Regulation 12 of the Local Government and Police and Crime Commissioner (Coronavirus) (Postponement of Elections and Referendums) (England and Wales) Regulations 2020 prevents any neighbourhood planning referendum from taking place until 6 May 2021. Updated guidance was issued in April allowing neighbourhood plans awaiting referendums to be given significant weight in decision making.
Nationally Significant Infrastructure Projects
The government is working with consenting departments to support the continuation of decision-making to minimise the impact of current restrictions on the consideration of DCO applications and the Planning Inspectorate has updated its guidance.
Compulsory purchase orders
There is now pragmatic advice as to the service of documents. Acquiring authorities are encouraged to allow more time for responses to requests for information about interests in land or submitting objections to CPO. There is also encouragement to authorities to act responsibly regarding business and residential claimants, particularly regarding the timing of vesting orders and payment of compensation, which is particularly relevant when considering evictions. Authorities are reminded of their obligation to make advance payments of compensation in accordance with statutory time limits given cash flow difficulties which claimants may currently face.

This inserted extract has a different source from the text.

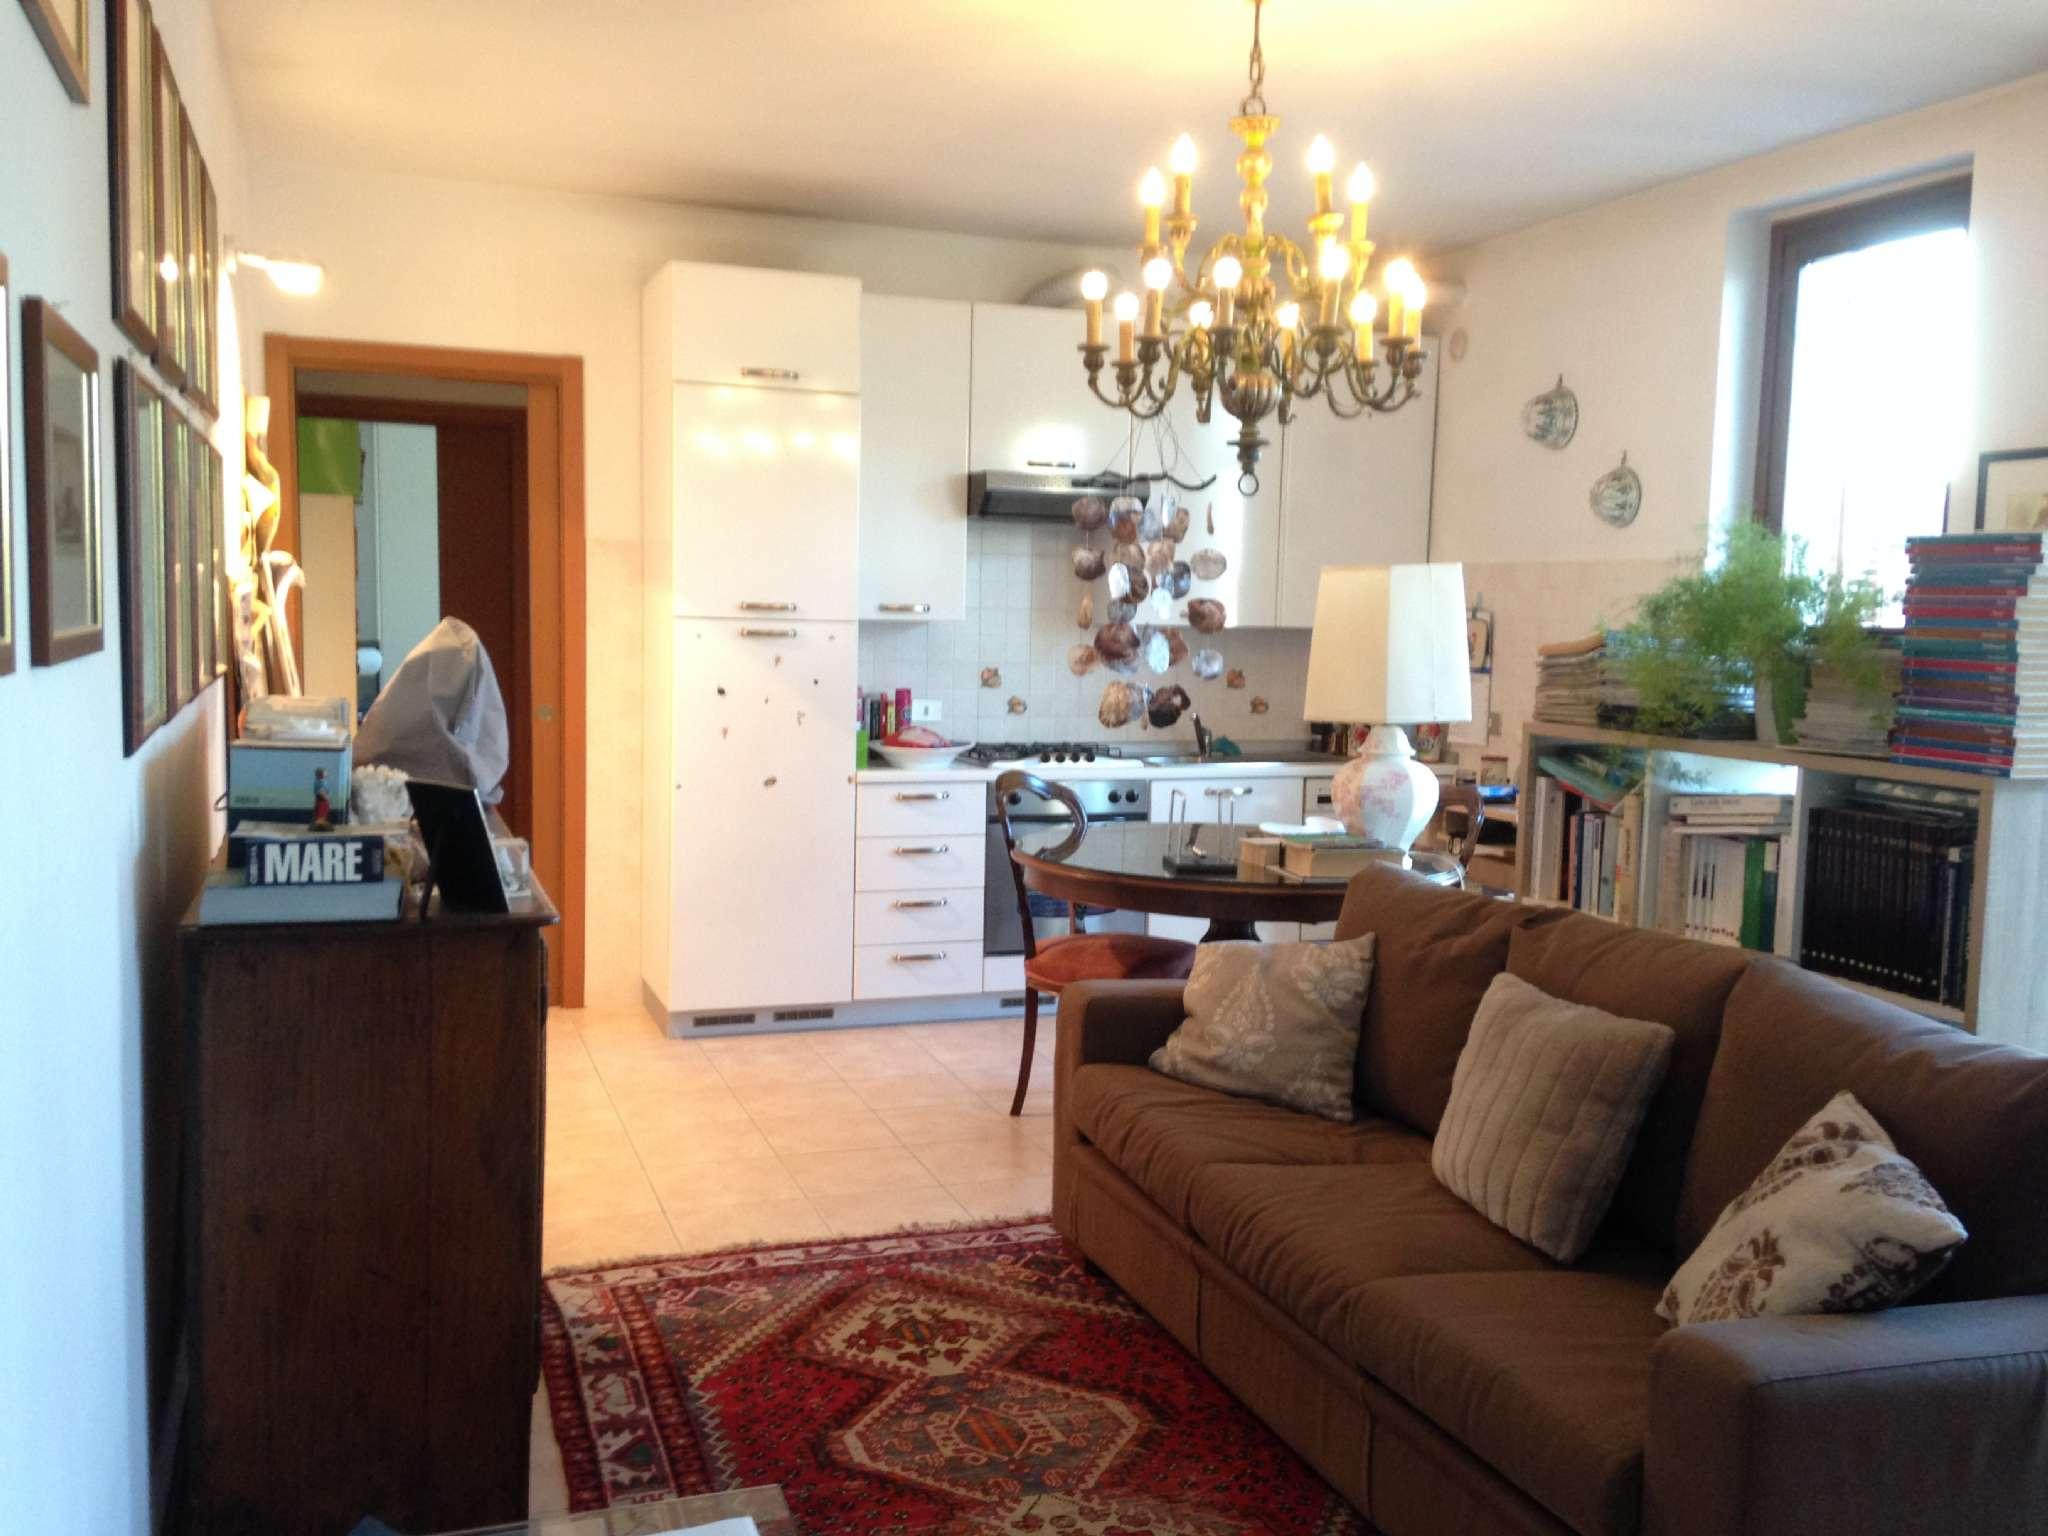 Appartamento in vendita a Cava Manara, 2 locali, prezzo € 97.000   CambioCasa.it

To my mind, this is all welcome and congratulations are due in particular to the relevant civil servants. Of course, there is more to be resolved, for instance the vexed question of extending time limited planning permissions (see my 4 April 2020 blog post Pause Not Delete: Extending Planning Permissions) as well as the Regulations in relation to CIL, but it is good to see this progress. No wonder MHCLG’s Simon Gallagher was prepared to come on this week’s Have We Got Planning News For You!
Whether by serendipity or, now I think about it, of course, good planning, the RTPI published on 15 May 2020 its research paper Pragmatic and prepared for the Recovery: The planning profession’s rapid response to Covid-19. This last week has been a good start.
Simon Ricketts, 16 May 2020
Personal views, et cetera
(Thank you to Town’s Michael Gallimore and Lida Nguyen for allowing me to draw from a client note prepared earlier this week).